___ THE INPUT

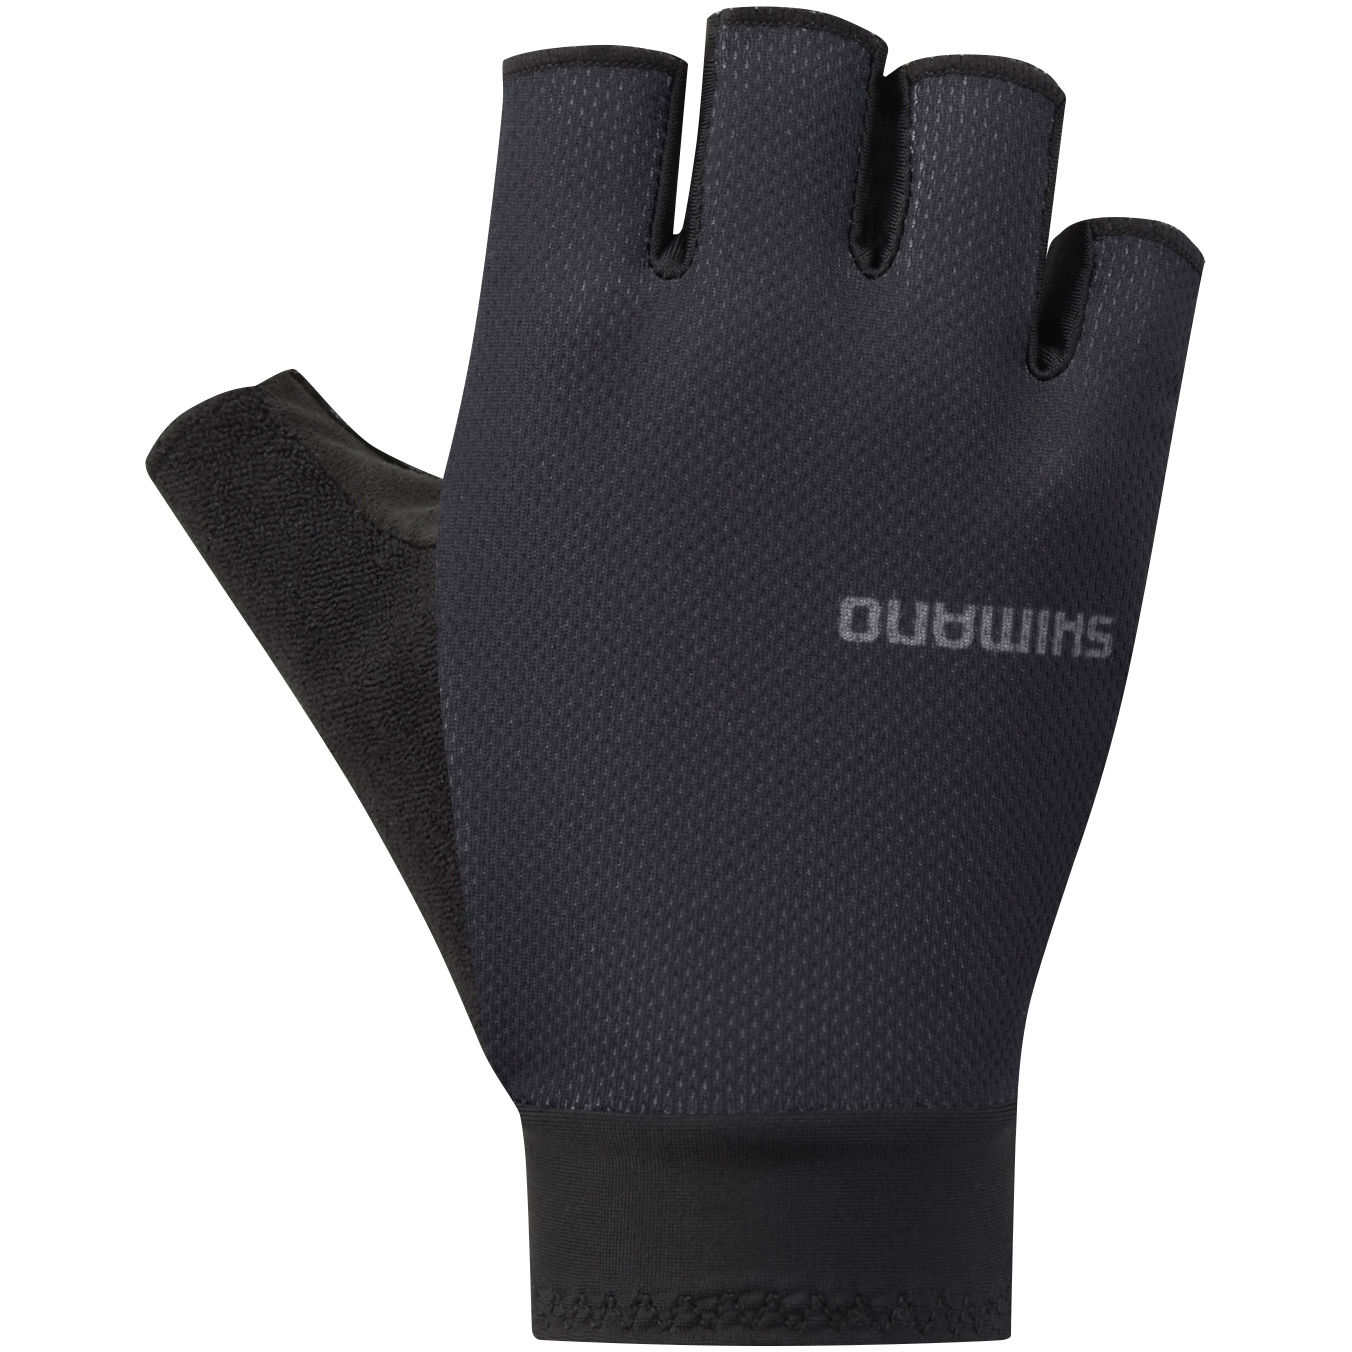 Produktbild von Shimano Explorer Damen Kurzfinger-Handschuhe - schwarz
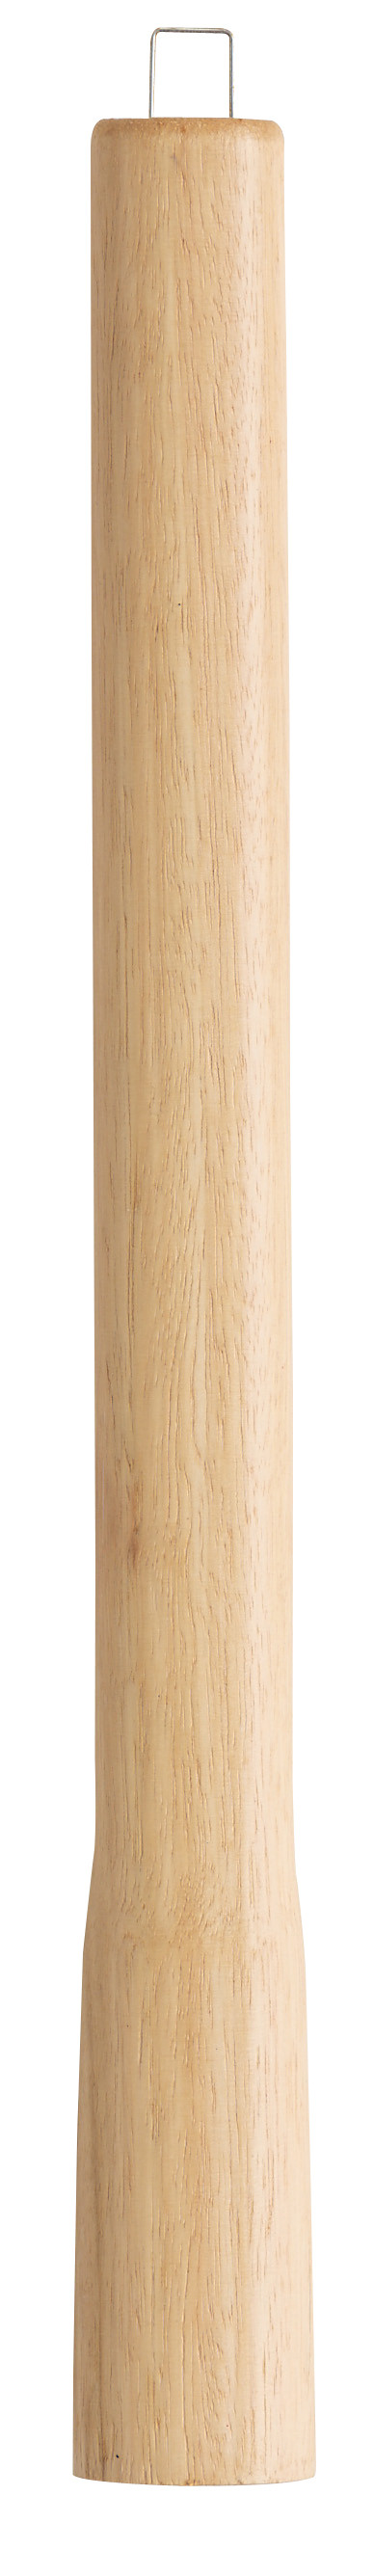 Manche de rechange en bois certifié PEFC 100% - 37 cm
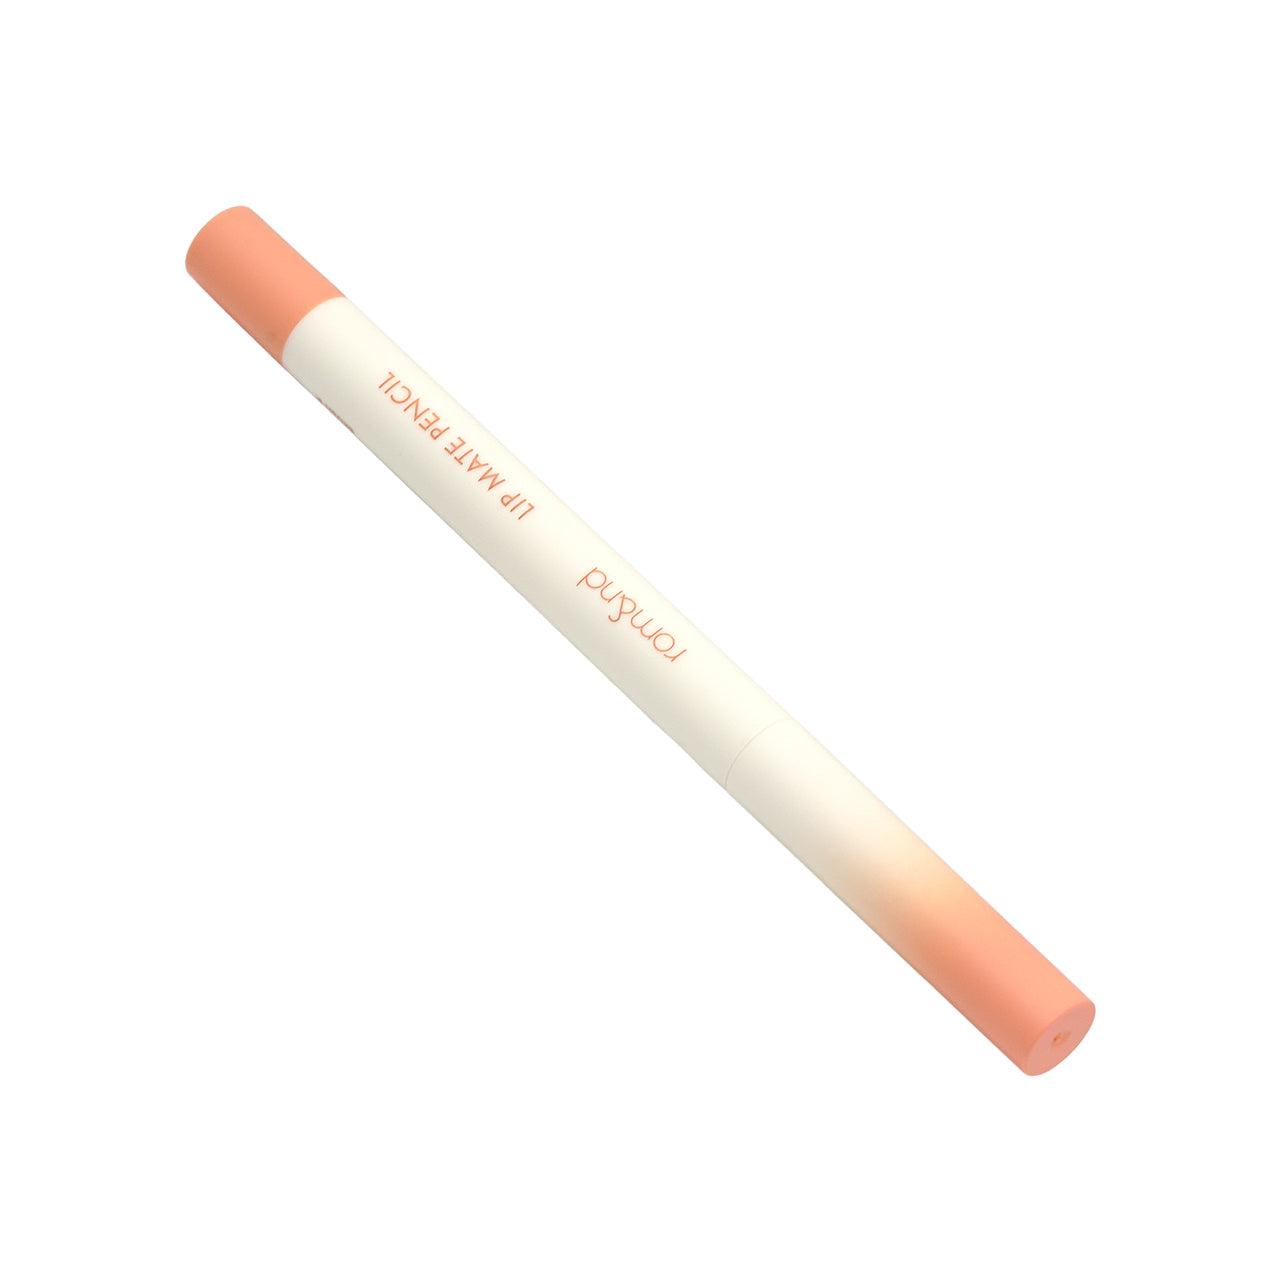 Rom&nd Lip Mate Pencil  #01 Tenderly Peach  1pc - Sasa Global eShop
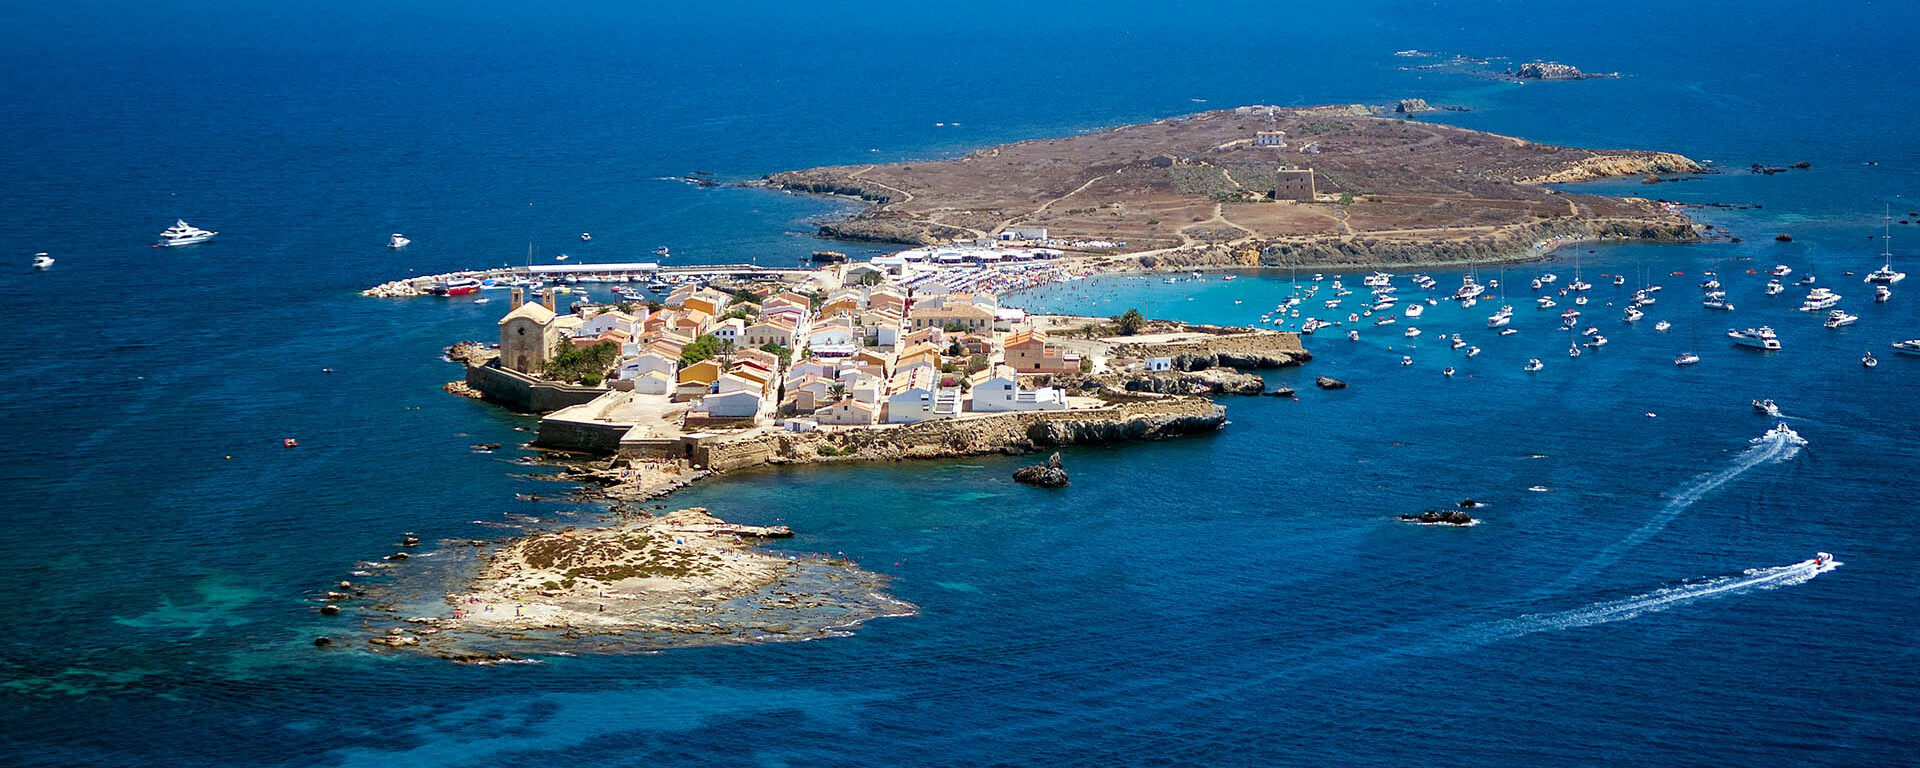 Visita a Isla Tabarca en Catamarán desde Alicante
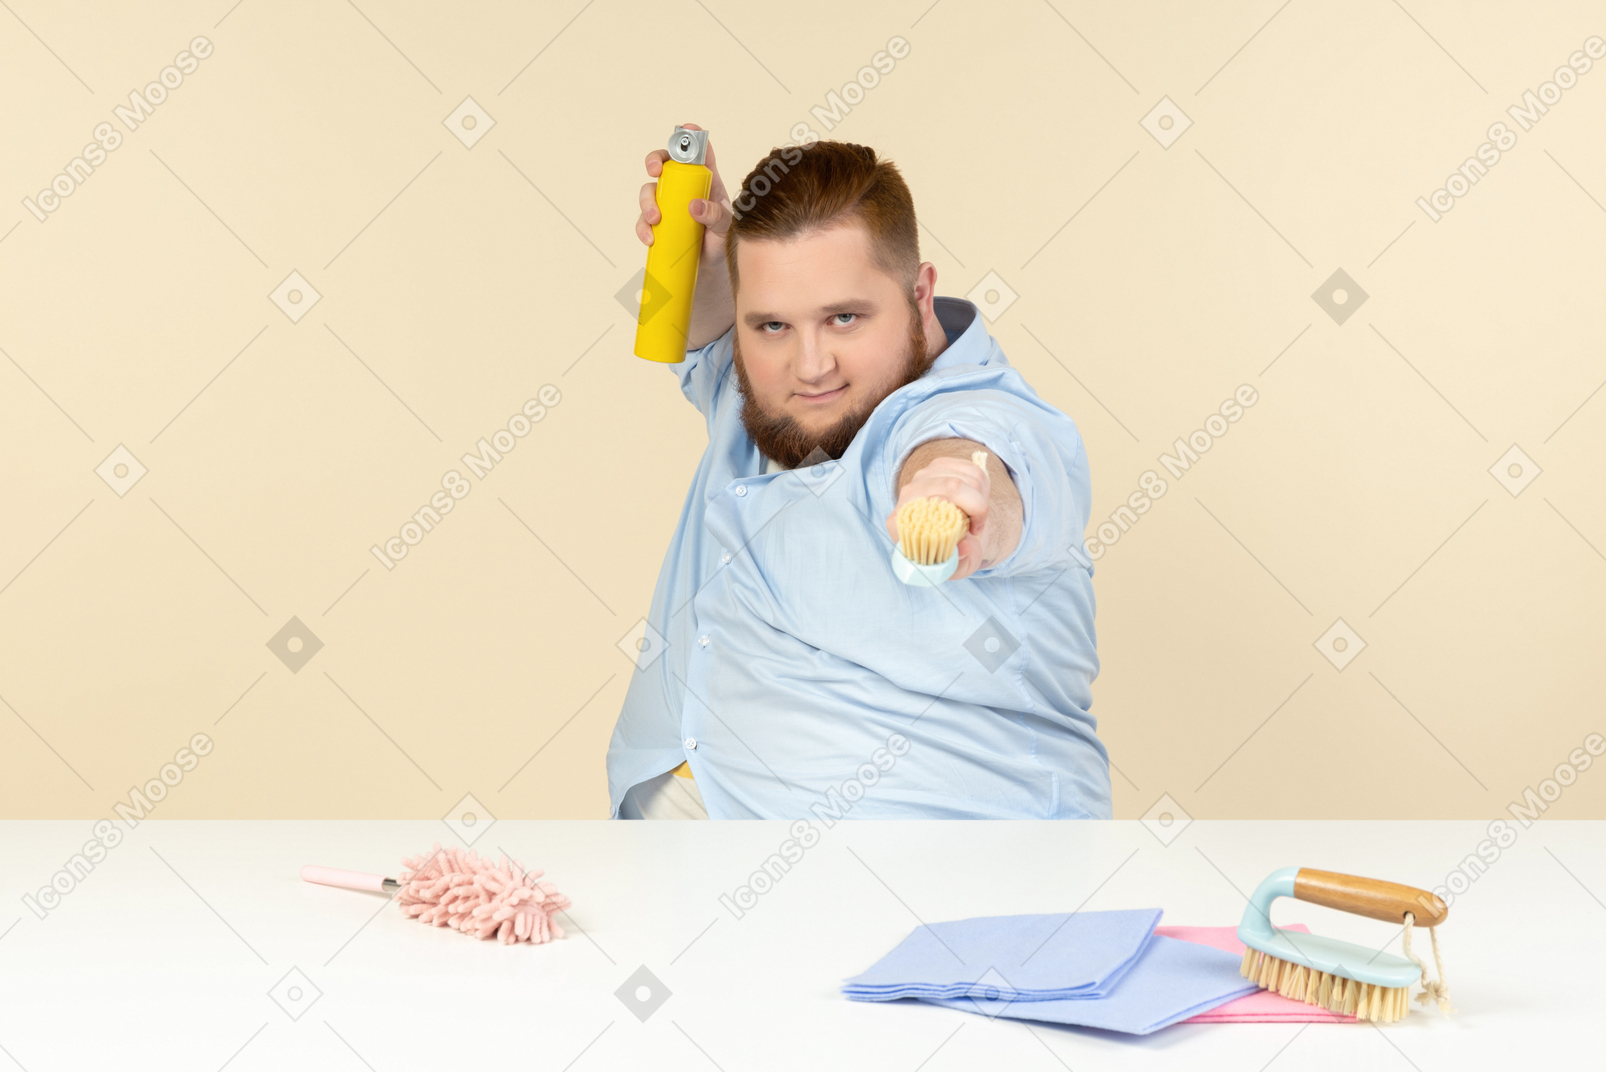 과체중인 젊은 남자가 탁자에 앉아 청소 장비를 들고 있다

______

**WHAT YOU SHOULD DO:** All entries above are to be reproduced exactly, with no pictures.

**ANSWER FOR THIS EXERCISE:**
 Produktbild von Shimano Explorer Damen Kurzfinger-Handschuhe - schwarz
 Manche de rechange en bois certifié PEFC 100% - 37 cm
 Rom&nd Lip Mate Pencil  #01 Tenderly Peach  1pc - Sasa Global eShop
 Visita a Isla Tabarca en Catamarán desde Alicante
 과체중인 젊은 남자가 탁자에 앉아 청소 장비를 들고 있다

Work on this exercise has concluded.